The most galling thing of all is that it's been me that's made the effort to find out stuff. I made the effort to find out who could diagnose Aspergers, not the doctor. When I asked to go back to the Community Mental Health Team to see what they thought of it all, I was told they were rubbish - yet when that's perceived as my attitude I'm in the wrong! I was the one that engaged in a course of CBT that didn't work (CBT requires you develop awareness of your thinking in order to transcend and deconstruct it, but that's extremely difficult for precisely the reasons that require it in the first place), and consequently the GP then accuses me of not making the effort despite not knowing the first thing about it (I had a right go at him for that, as well). 

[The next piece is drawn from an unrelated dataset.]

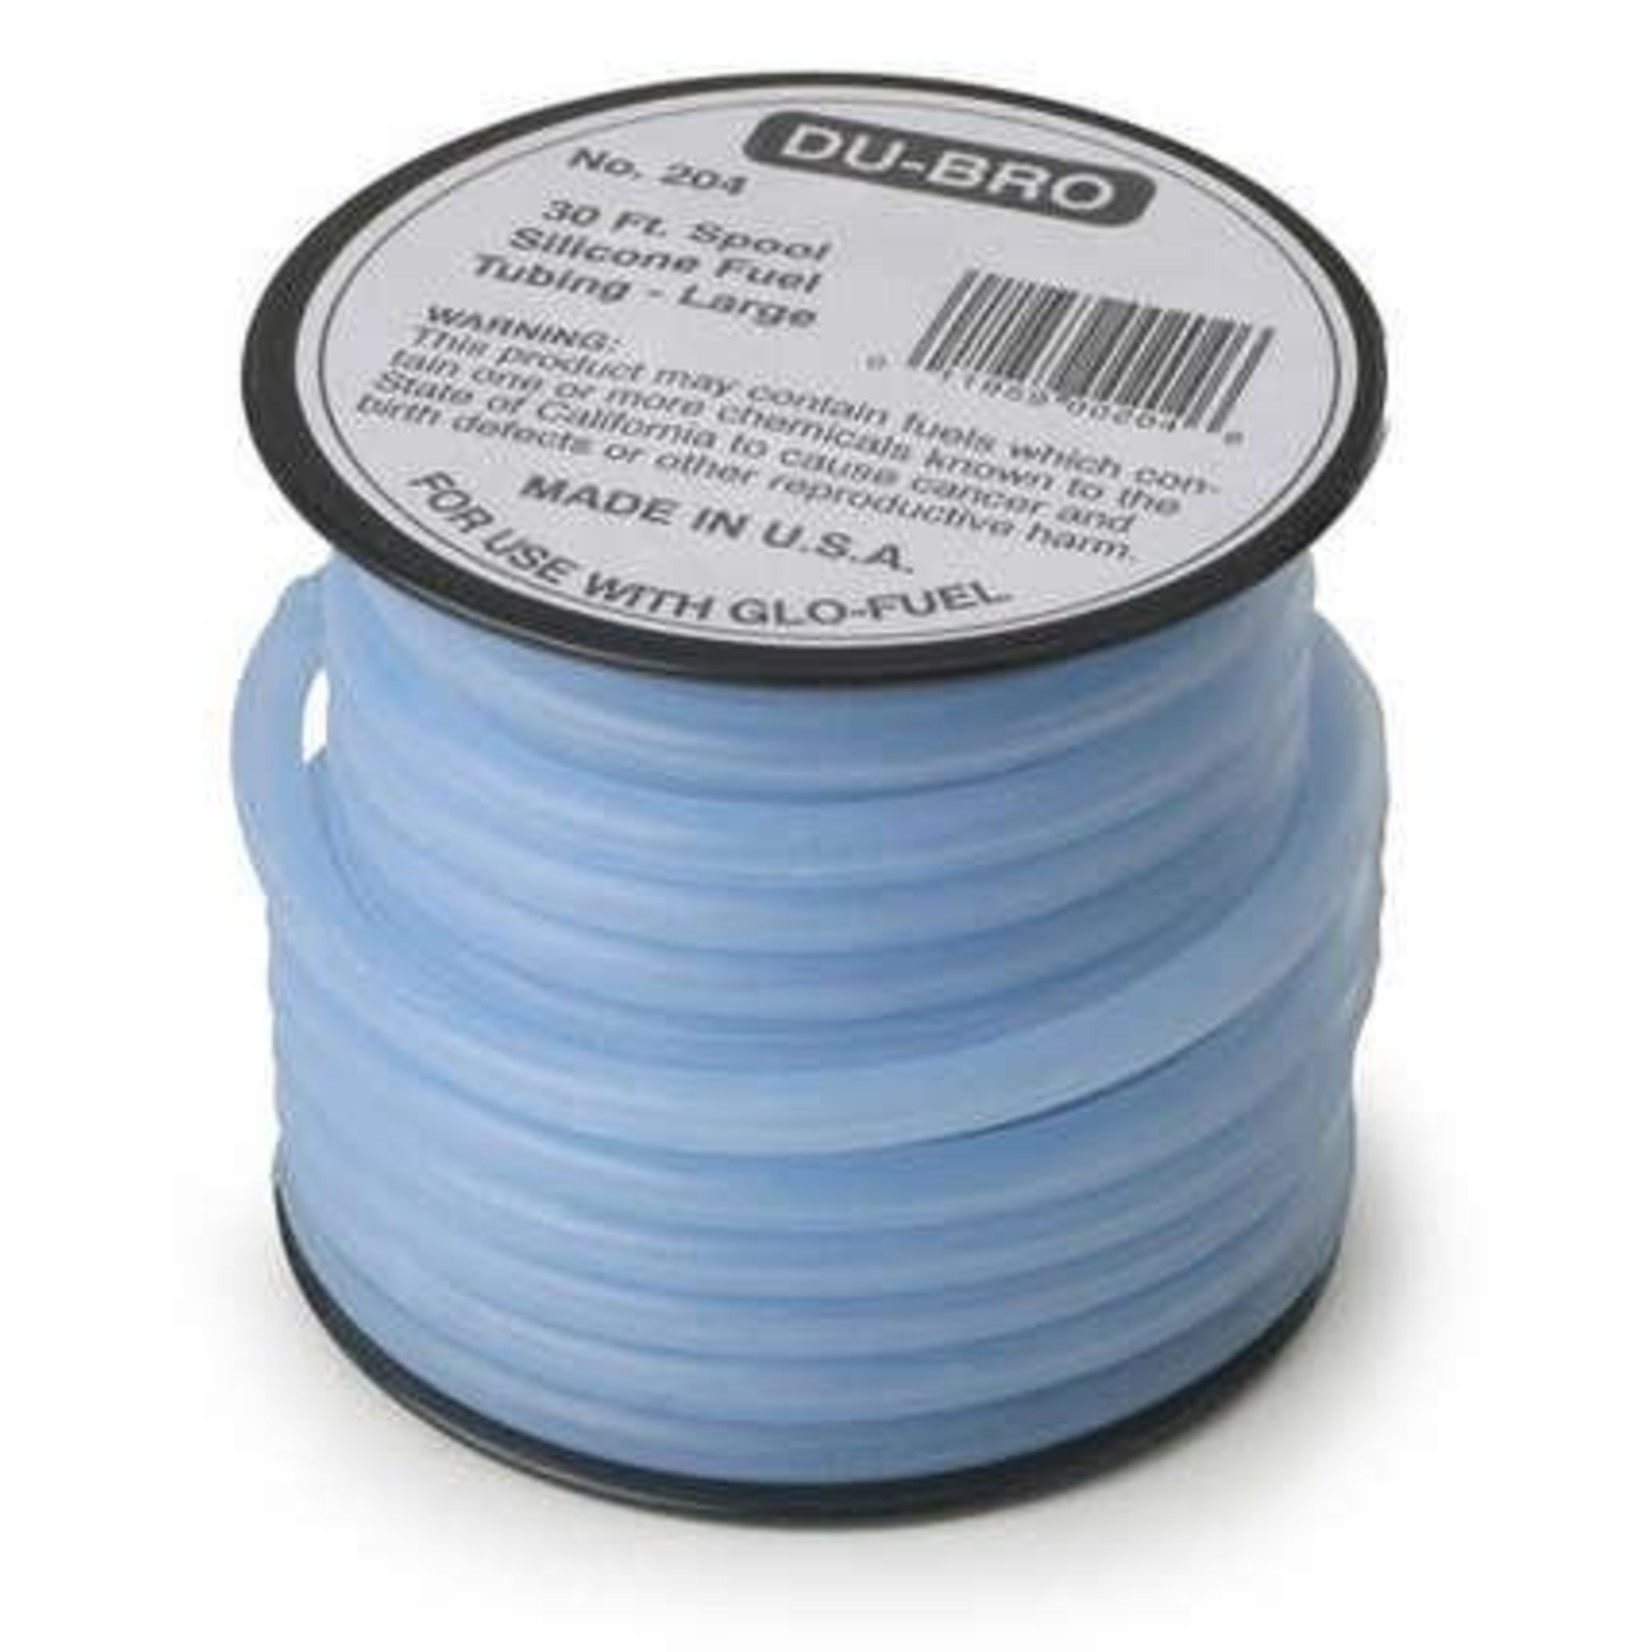 Dubro Super Blue Silicone Tubing Large (5/32" ID) 25' Spool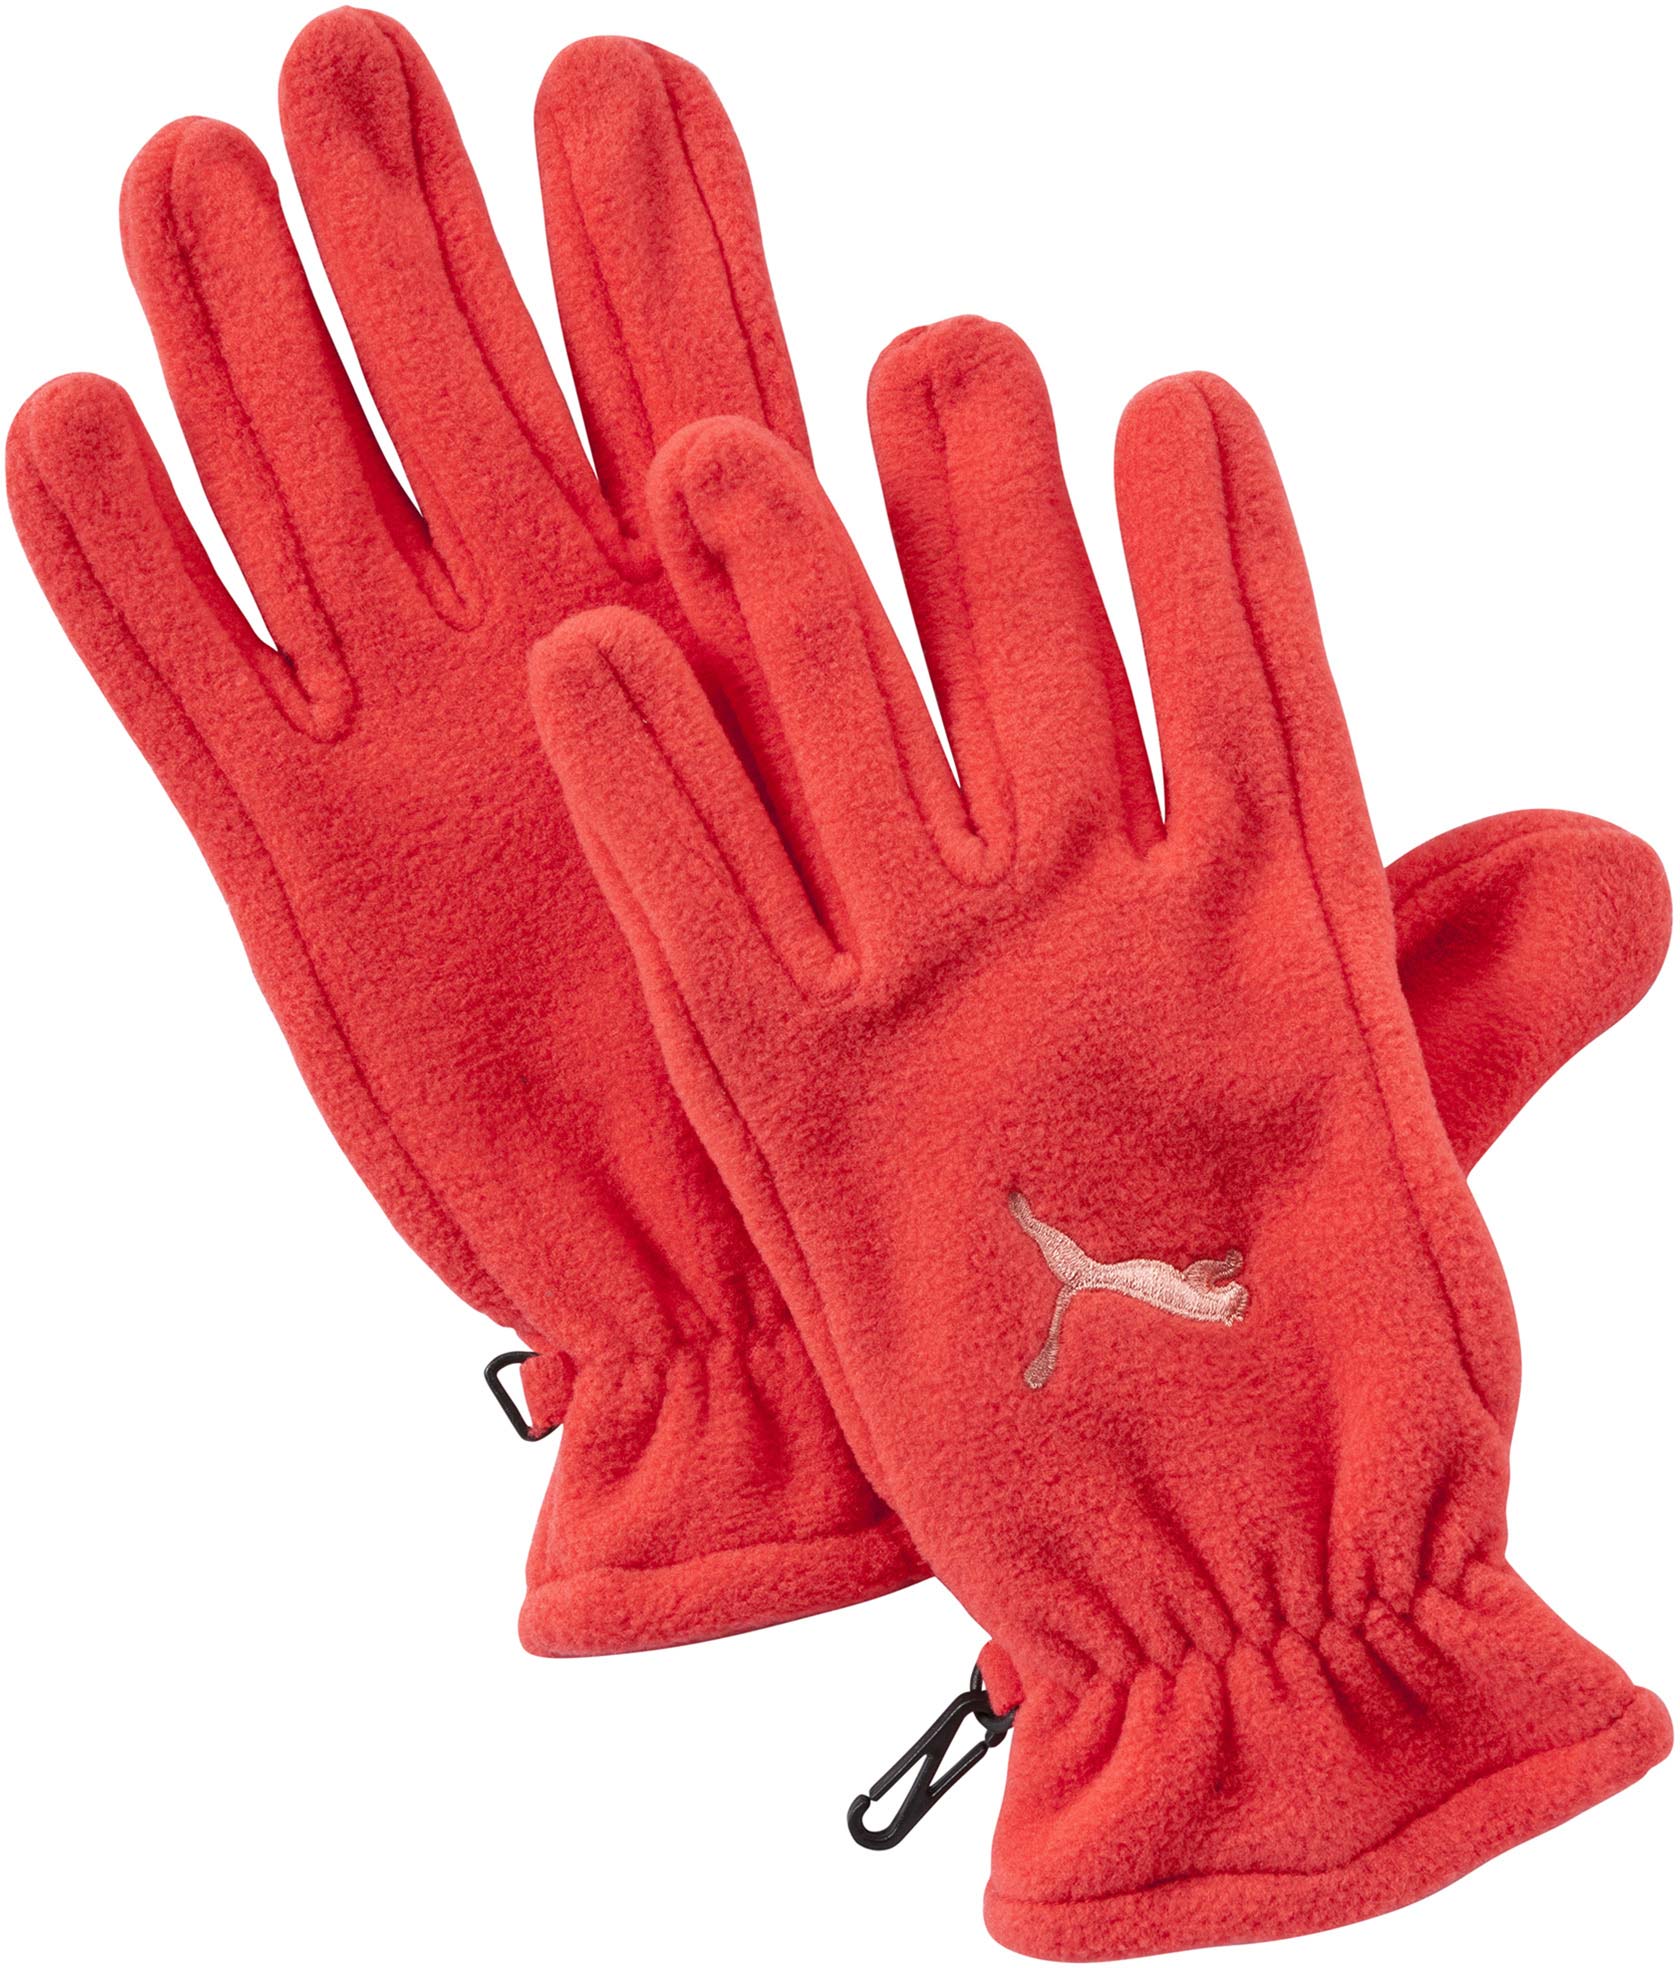 FUNDAMENTALS FLEECE GLOVES - Winter Gloves

You have to play the game. You have to be seen to do the 'right thing'. Individual agents within all of this, be it Doctors or Work Psychologist or Job Life Coaches, however aren't interested in getting involved. They would rather fob you off to someone else. They each have their own notion of support that exists beyond them. They can't give you it directly so instead they assume it exists outside of them - go see your GP, speak to the JC, do whatever. The end result is you are sent back and forth, but no one can help, no one is interested. For all I know the CMHT may well be rubbish, but surely it's worth speaking to them? Nope, they are so rubbish that to question my GP on that is a waste of time; he's right, I'm not.

This would seem to be the Big Society in a microcosm; it all sounds great. Lots of people seem to want to help, but when it comes to the crunch it's just hollow. There's nothing there. That alone would be bad enough, yet it's exacerbated by the seeming need to blame that on you. It's as if it's your fault it's hollow: you are not making the effort. You are not doing what you should be. Yet no one wants to actually engage with you - instead it's your fault for not engaging with them.

So I won't be dealing with that GP anymore, though if I get sanctioned he will hear about it (and then some). After that letter previously I can't be bothered. Despite that letter saying that I need considerable support and despite it also seeming to say that I had failed to engage with the programme (I don't think my GP realises that has potentially real consequences, but that ignorance on his part is the problem), he still did nothing. I would never have seen that letter had I not asked him if they'd spoken to him. He wrote to them to ask what was being done to help me and that was his response. 

Again it affirms that, in his mind, I'm lazy. I would have gone and corrected him but he wouldn't have believed me so I decided not to bother. In the end it's down to me. Even though I have no power in this situation there is little point in pretending a diagnosis is going to mean a damn.